====== SUPPLIED DATA ======

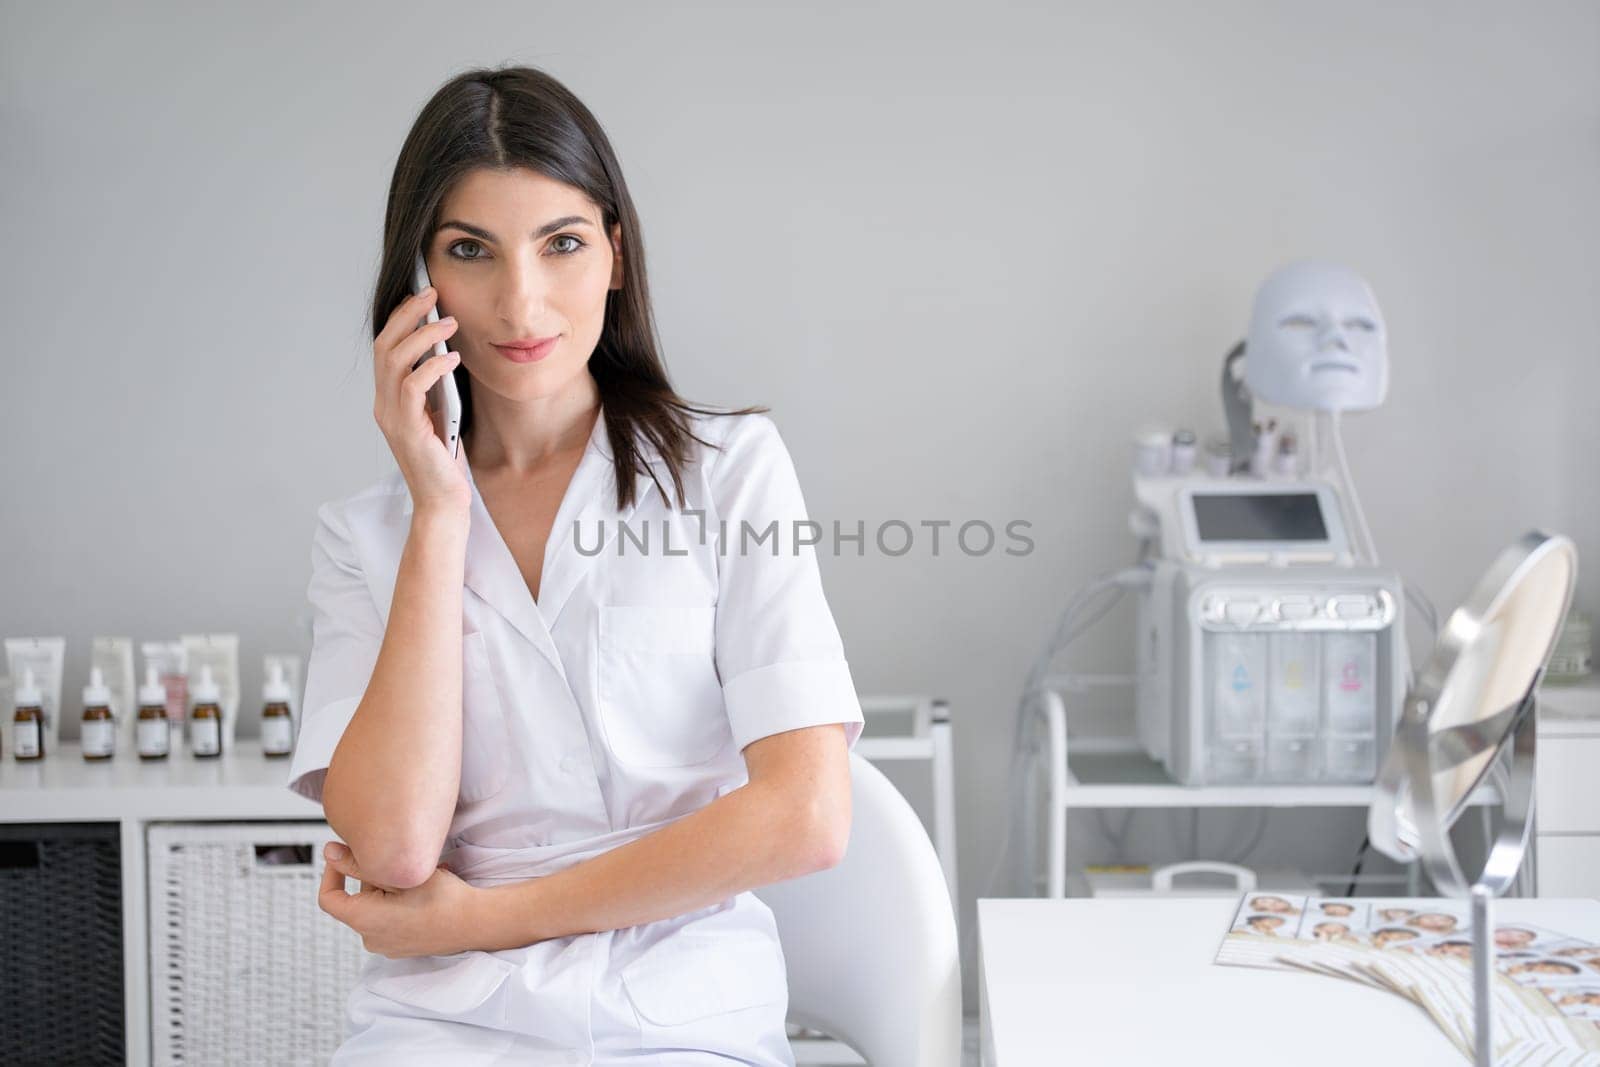 Beautician in cosmetology office have phone conversation. Dermatologist standing in beauty clinic discussing facial skin treatments for clients at beauty spa salon.
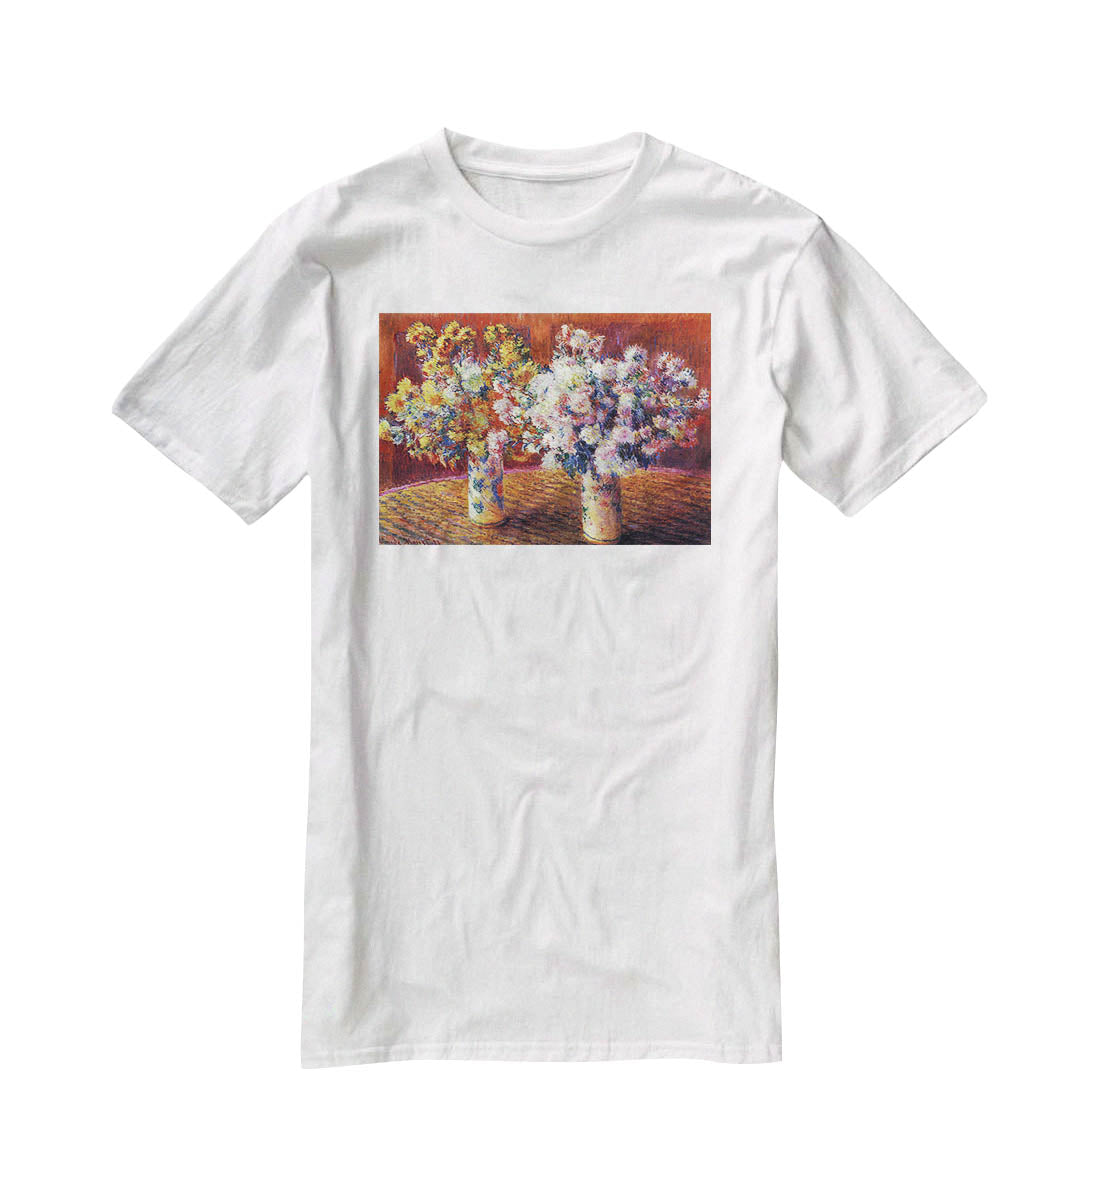 Two vases with Chrysanthemums by Monet T-Shirt - Canvas Art Rocks - 5
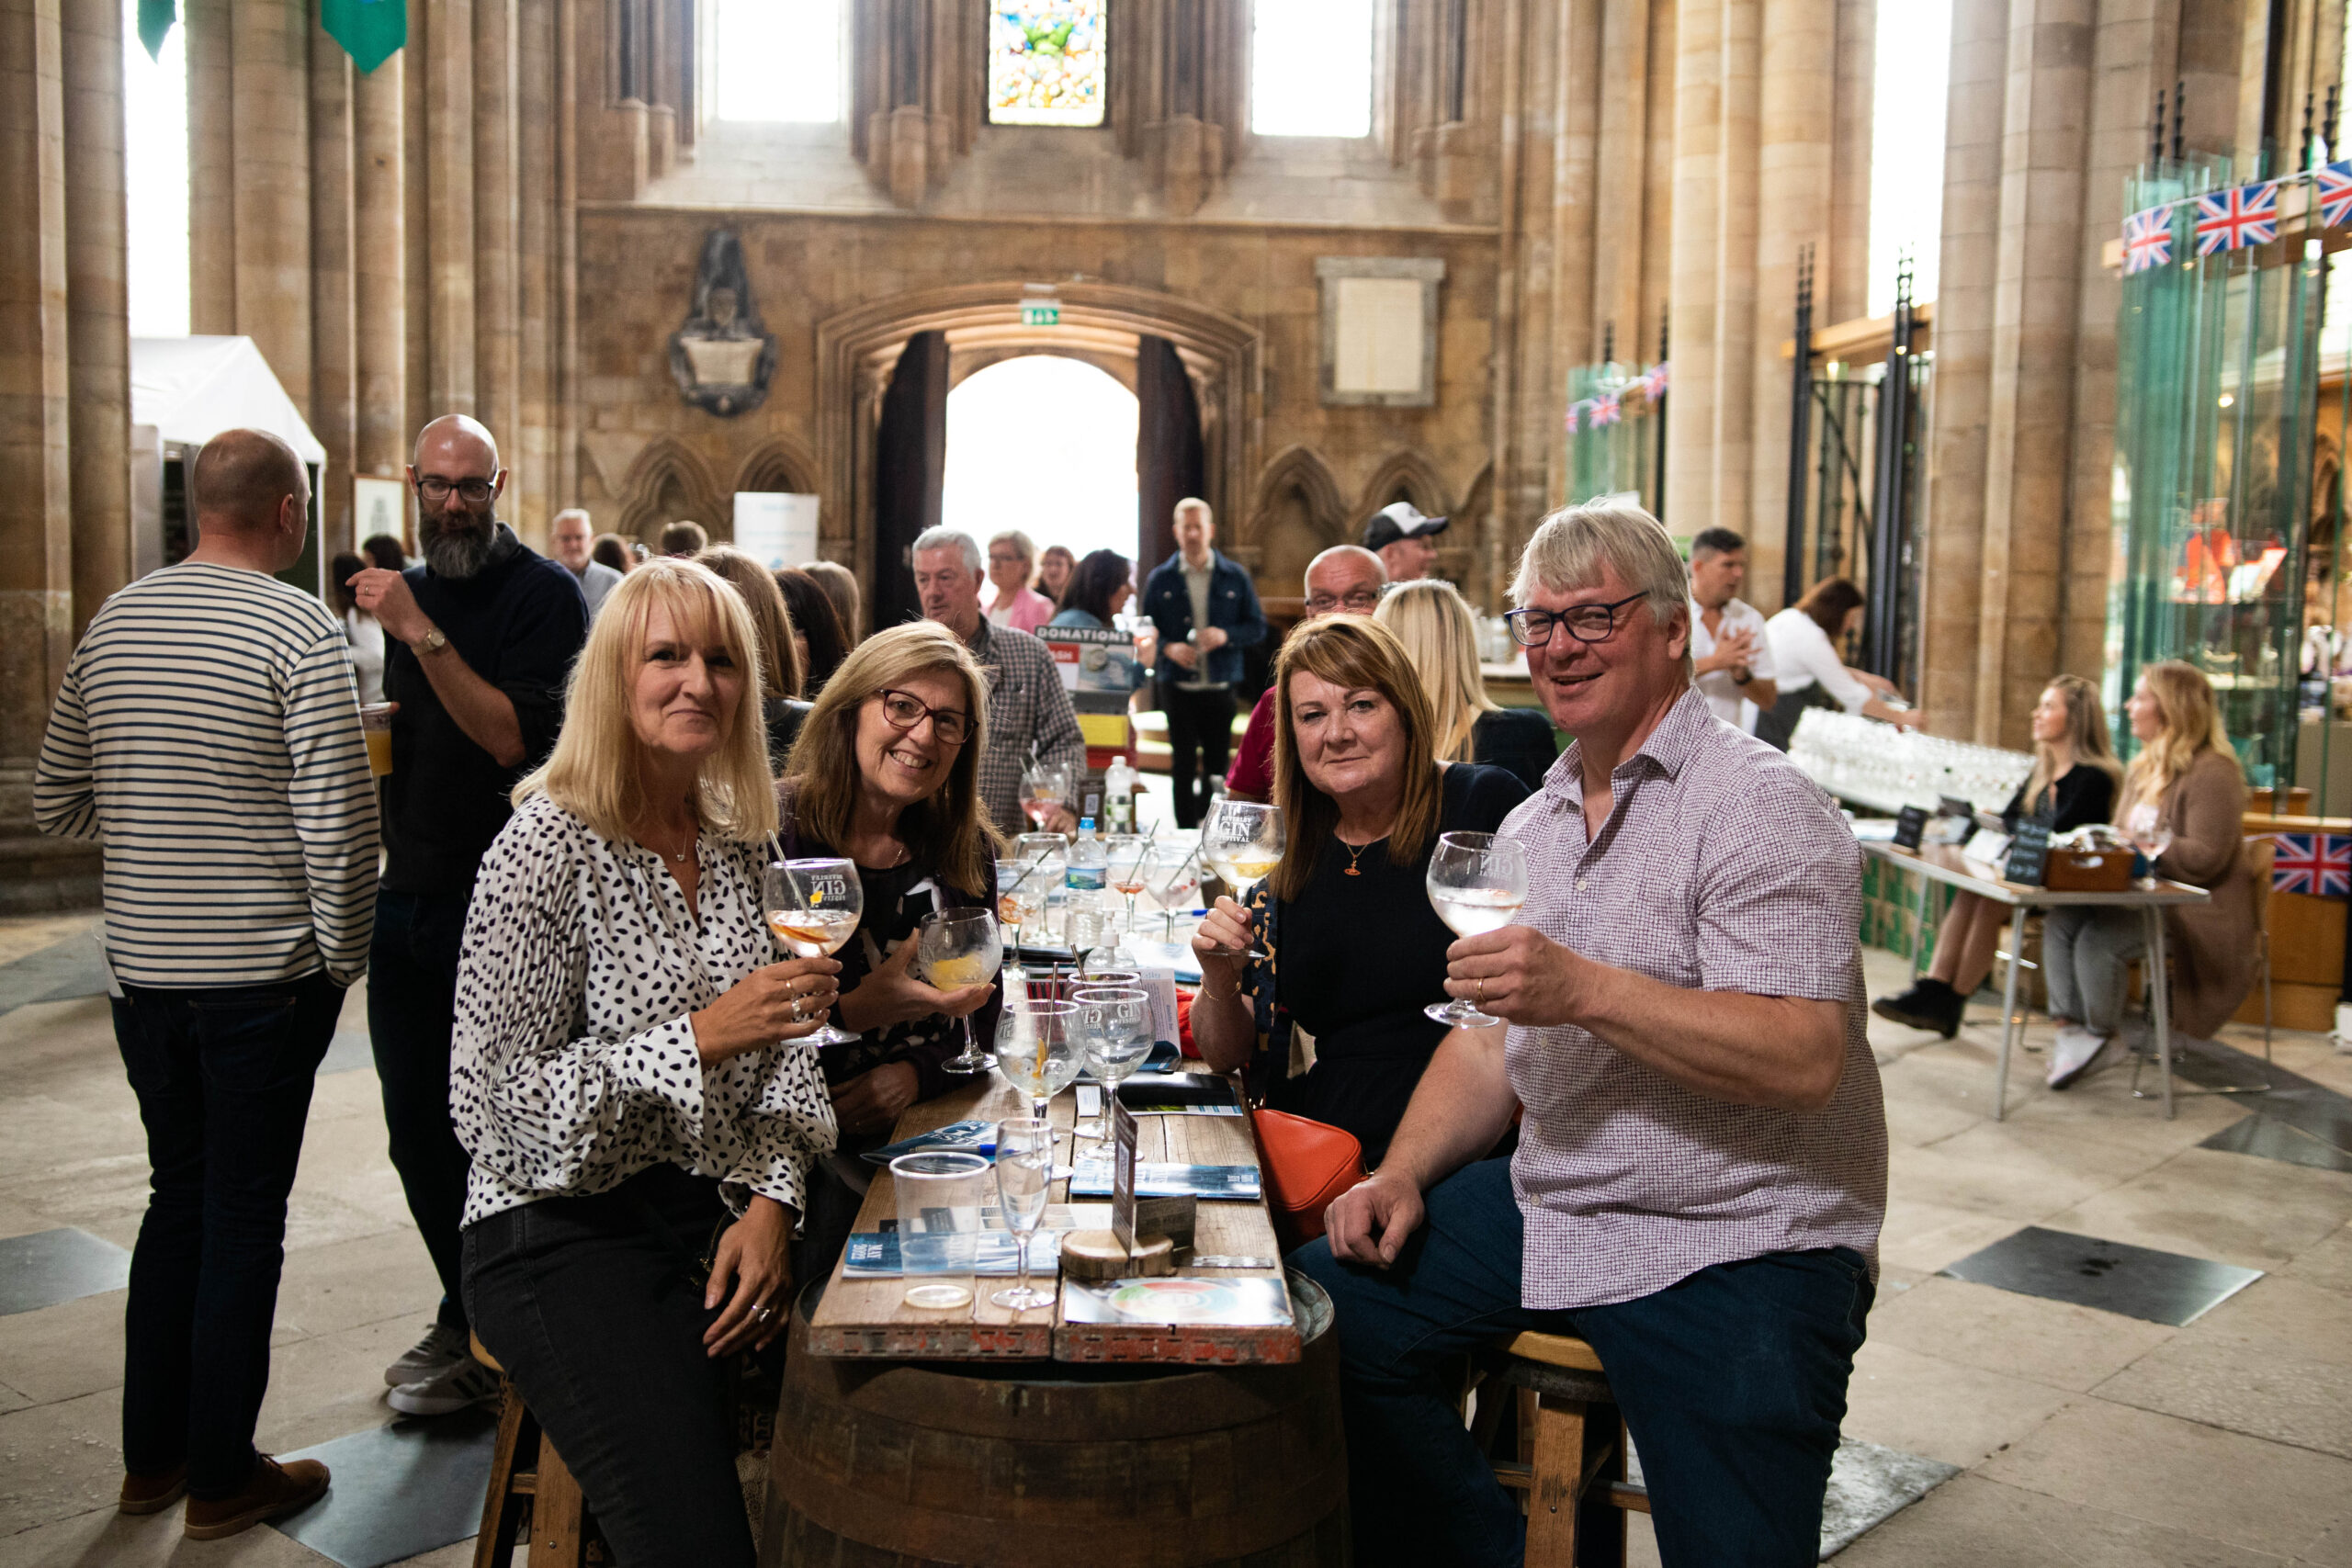 Beverley Gin Festival is back this May – even bigger and better!

======

Where pictures occur in the material above, omit them and return everything else exactly.

**ANSWER FOR THIS EXERCISE:**
 Beautician in cosmetology office have phone conversation. Dermatologist standing in beauty clinic discussing facial skin treatments for clients at beauty spa salon.
 Two vases with Chrysanthemums by Monet T-Shirt - Canvas Art Rocks - 5
 Beverley Gin Festival is back this May – even bigger and better!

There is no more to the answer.